Okay, Here's what I've come up with so far.
I ground up the leftover ham. Ran it through the grinder twice with a 1/8 inch plate. It needs some kind of moisture to get it into more of a pate consistency rather then the pellet form the grinder alone produces.
Took 1/2 pound to experiment with. 
Added 1 Tbs. Dry Mustard. (Coleman's)
1 Tbs. Paprika
1 Tsp. Garlic Powder
1 Tsp. Ground Turmeric
1/2 Tsp pepper
1 Tbs L & P Worcestershire Sauce


I mixed this part of the concoction with some Mayo & pickle relish and had it on toast with some lettuce for a sammy.
Wasn't bad but it could use less Worcester Sauce.
I added a Tbs. because that was what was left in the bottle and figured WTH just use it all.

I've added some onion powder to what's left of the witch's brew and am going to see what that does.

Once I'm not tired of ham I'll thaw out some more of the ground ham and try again.
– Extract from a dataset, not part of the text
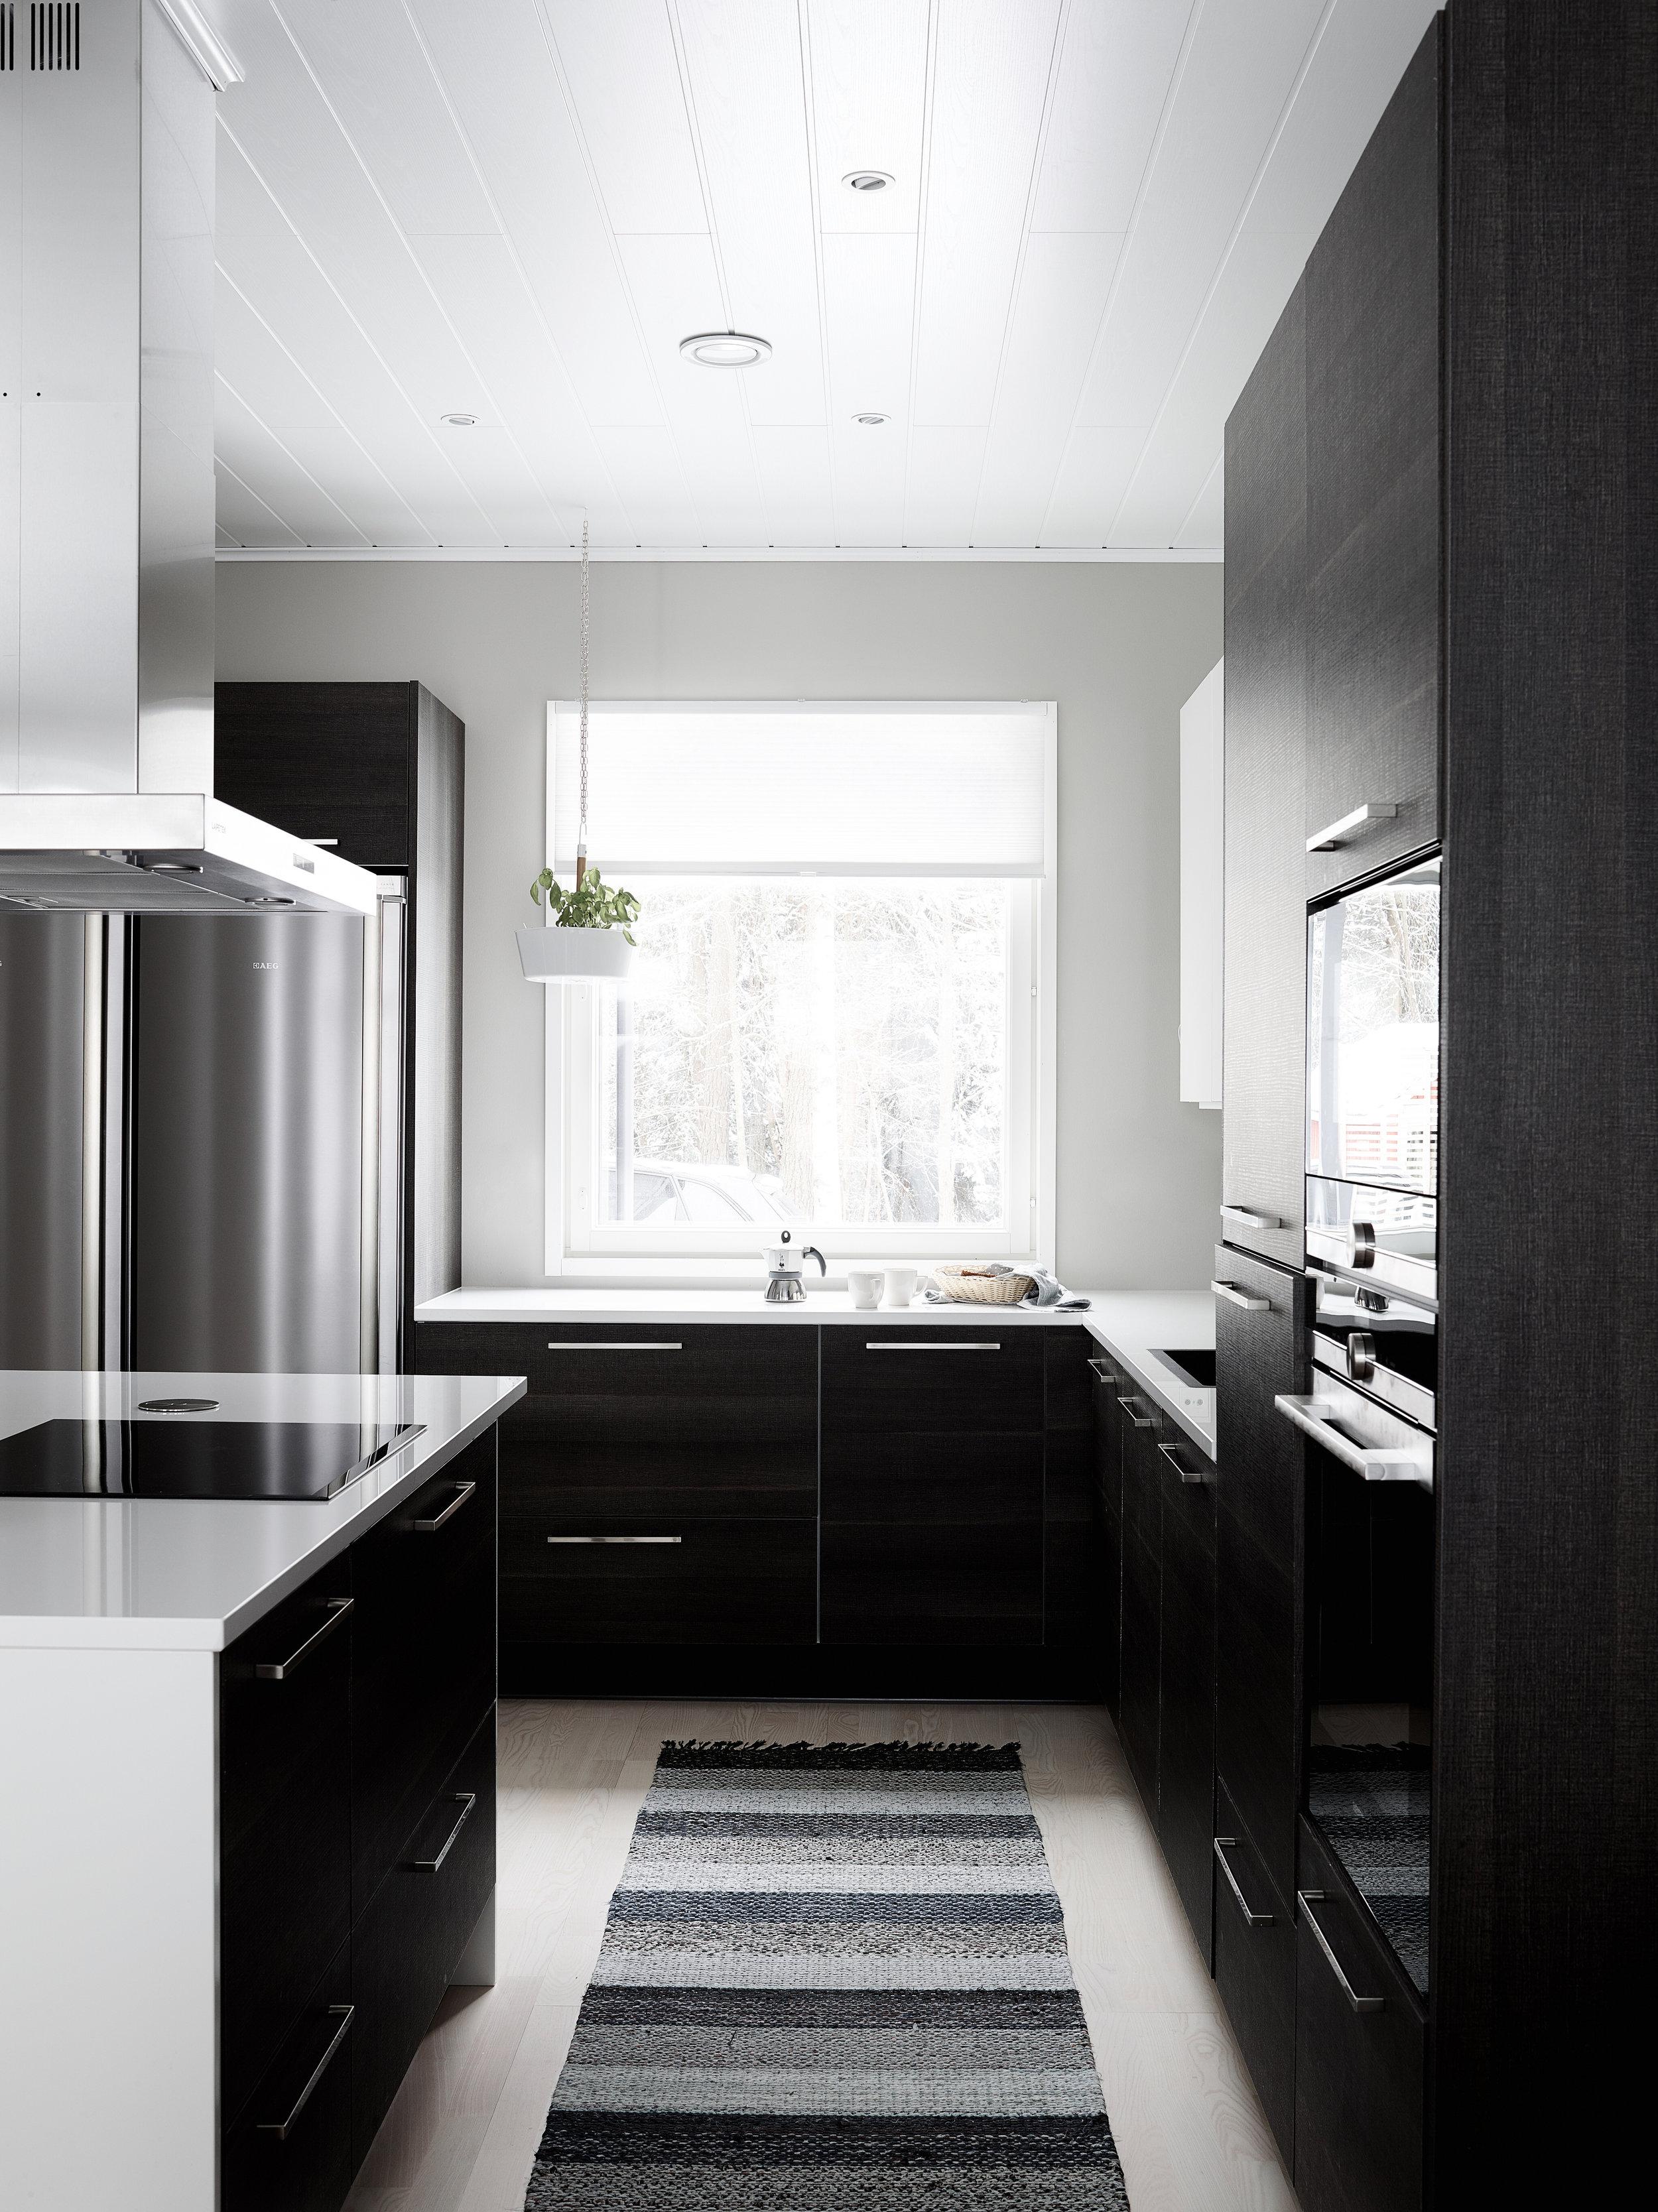 interior-anna-koponen-photo-krista-keltanen-04.jpg

Any ideas are welcome here. This is truly an experiment for me but at least I might be able to start to keep some kind of record of what I destroy in the kitchen.


----------



## Zhizara (Jul 14, 2012)

Did you remember to put Worcestershire sauce on your grocery list?


----------



## Zagut (Jul 15, 2012)

Why yes I did put it on the list.

But it's not urgent because I always have a spare bottle of Lea & Perrins. 

It's one of those items that I never want to be without in the kitchen.


I wish they would go back to the old orange & black label. My Grandfather showed me something on it that made me love it.


----------